Course goals and structure in this class:
- Build agents that learn to act in applications; cover how RL works, algorithm types, and when to use them.
- Focus on deep reinforcement learning (policy approximated by neural networks) for complex state spaces (e.g., images).
- Emphasize theory and practical implementation; connect to industry use cases.
Important caution: RL is not a universal solve-everything tool.
- It requires interaction with an environment (simulator or real world) and realistic fidelity to the target task.
- If the simulator is not faithful, learned policies may fail in the real world.
- Real-world training raises safety, wear-and-tear, and safety concerns; sometimes cautions or staged training are needed.

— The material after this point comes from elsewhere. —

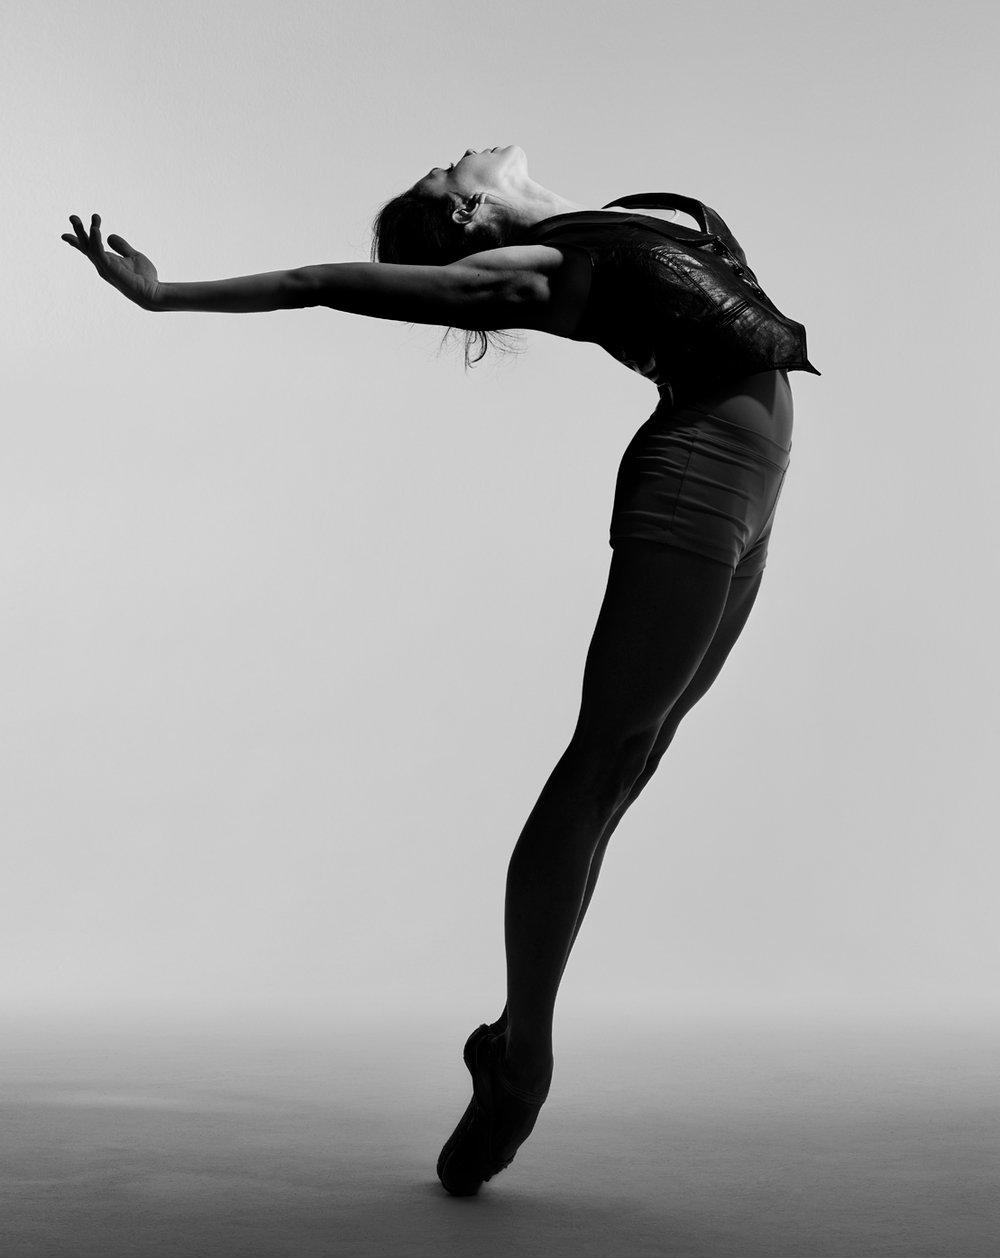 Image of Natalia Osipova

Alternatives and tradeoffs to consider:
- Supervised learning can be faster when demonstrations are available, but performance is limited by the quality of demonstrations.
- RL explores novel strategies but often learns slowly and requires an environment to interact with.
Notion of non-stationarity in RL:
- The policy changes during training, which makes the environment non-stationary from the agent’s perspective.
- This can complicate exploration and make it easy to get stuck in local minima if updates are poor.
Reset and episodic nature in RL:
- Training often relies on resets to known good states to begin experiments; frequent resets can be tedious in real-world tasks (e.g., robotics on sand).
- Some research explores non-episodic RL and settings without easy resets.
Reward design challenges in RL:
- Specifying reward functions can be hard, especially for complex tasks like language generation or multi-step activities (e.g., making a cup of coffee).
- Dense rewards can speed learning but may constrain exploration and lead to reward hacking if the agent finds loopholes to maximize reward without achieving the intended task.
Examples of reward-hacking and pitfalls:
- A robot that maximizes a distance-to-goal metric by moving blocks instead of actually solving the task (reward hacking example).
- A game where the agent circles to collect recurring points rather than playing the intended game, illustrating how simple reward signals can be gamed.
Practical tips for learners:
- Reward shaping can help early learning but should avoid destroying the agent’s ability to discover novel solutions.
- Balance the density of rewards to encourage exploration while guiding progress.
- Start with simpler tasks and gradually increase complexity to build intuition and robust policies.

Core Reinforcement Learning Concepts

Environment, state, action, reward, and policy:
- Time-step flow: the environment is in state $st$; the agent takes action $at$ drawn from a policy $\